DOJ Pressures Judge to Allow January 6 Complaint Against Trump to Be Heard

The Department of Justice asks the judge to allow a complaint that holds the former president liable for the January 6  Capitol riot to be heard, despite Donald Trump’s claim of absolute immunity, which bars him from suits of this nature. According to The Washington Post, the Department of Justice (DOJ) stated on Thursday that former President Donald Trump might be held accountable for the Capitol riot on January 6, 2021.

Eleven Democratic members of the House of Representatives and two police officers have sued Trump, stating that they have suffered psychological and physical harm as a result of the Capitol incident. Trump has said several times that he enjoys absolute immunity since he was doing his official duties as President of the United States. When officials act within the scope of their duties, they are protected from criminal prosecution and damage lawsuits due to absolute immunity.

The DOJ noted that speaking to the public on subjects of public concern is a longstanding responsibility of the Presidency, and the President’s Office encompasses a large area of such speech. The DOJ also adds that yet, this conventional role is that of public communication, and it excludes  threats or “incitement of imminent private violence.”
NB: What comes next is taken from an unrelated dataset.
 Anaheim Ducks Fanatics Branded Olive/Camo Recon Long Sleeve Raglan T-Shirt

According to the New York Times, the DOJ agrees that Trump has some immunity from the lawsuit but is uncertain if Trump incited violence on January 6.
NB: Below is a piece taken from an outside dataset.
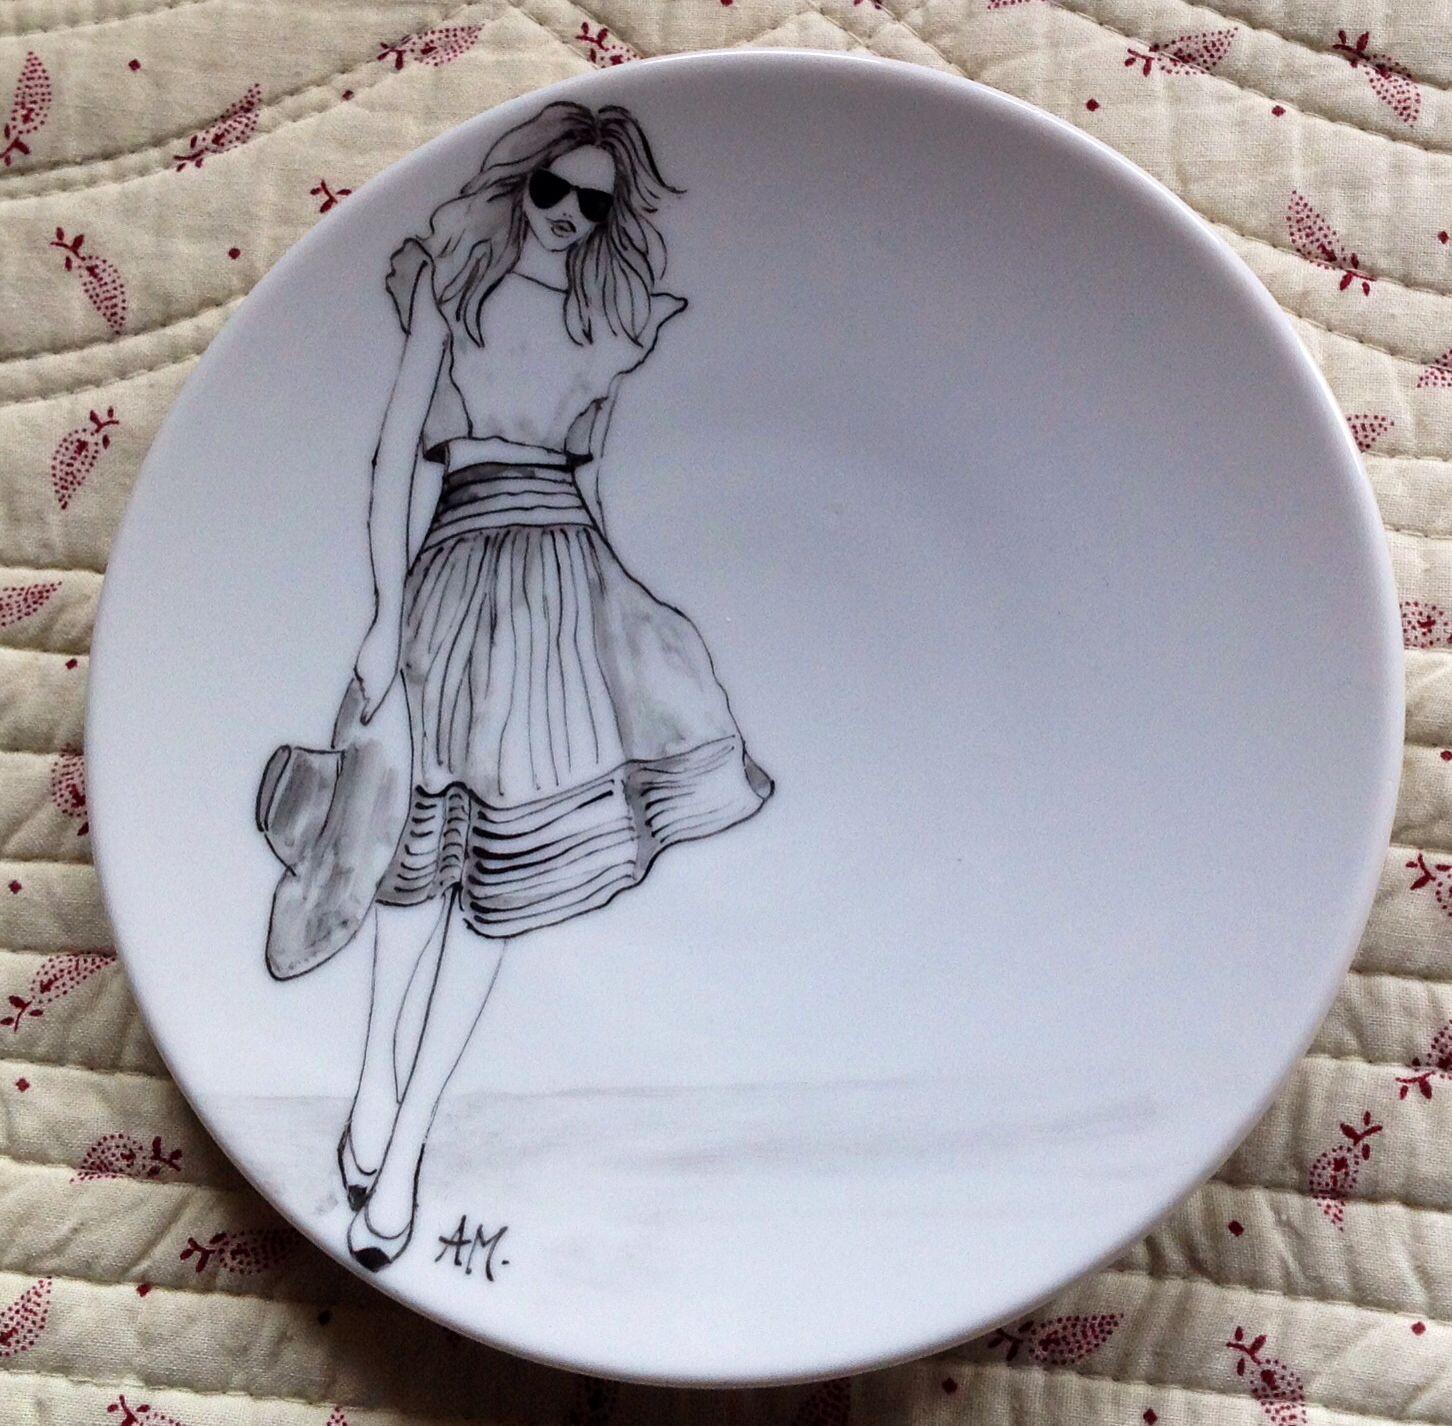 piattini frutta porcellana a delineo peinture porcelaine. Black Bedroom Furniture Sets. Home Design Ideas

According to the New York Times, an appeals court was unable to establish if Trump was properly performing his duties on the day of the incident when he allegedly incited a violent crowd with a political speech questioning the results of the 2020 election.
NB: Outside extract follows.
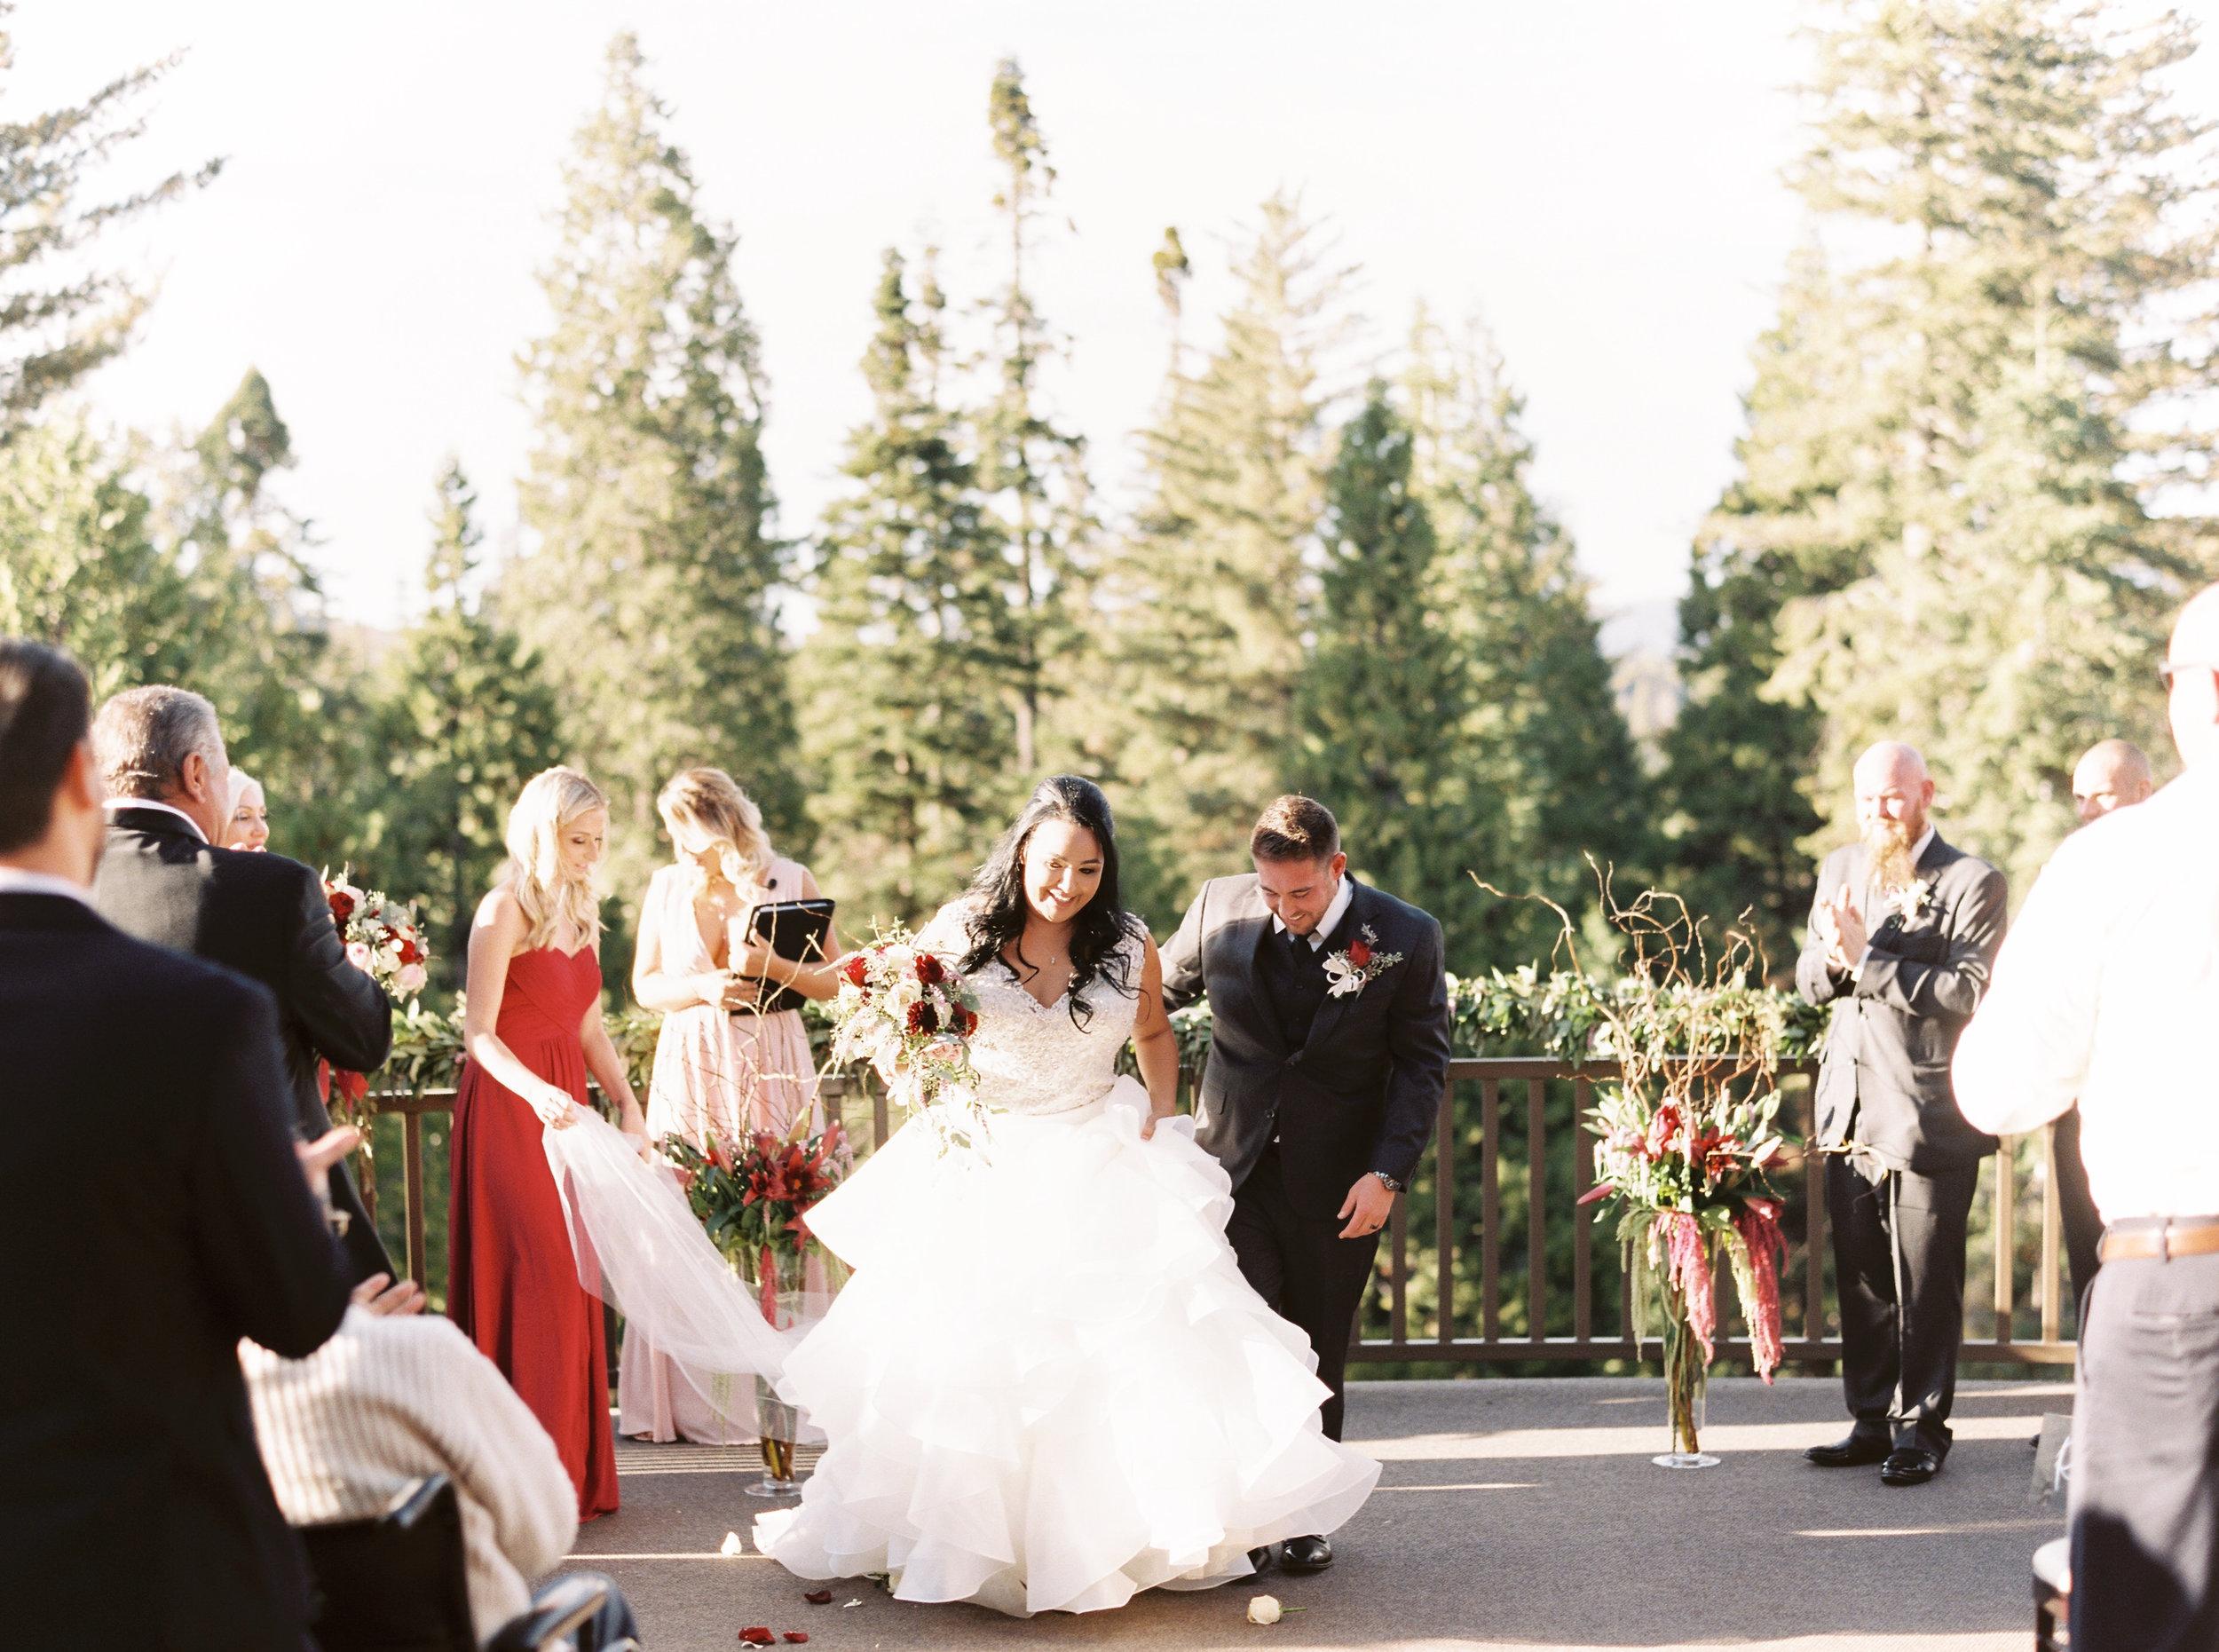 Tenaya-lodge-wedding-at-yosemite-national-park-california-83.jpg

However, because actual incitement would be unprotected by absolute immunity even if it occurred in a speech about public concern, this Court should reject Trump’s categorical argument of immunity, which he reiterates in his appeal, according to the Department of Justice.

The complaint references the Ku Klux Klan Act, a federal civil rights law established in 1871 that permits persons to be punished for using violence to intimidate or hinder government personnel from doing their jobs. 42 USC 1983, the updated version of the Ku Klux Klan Act, is still one of the major tools for enforcing federal constitutional rights against state and local actors.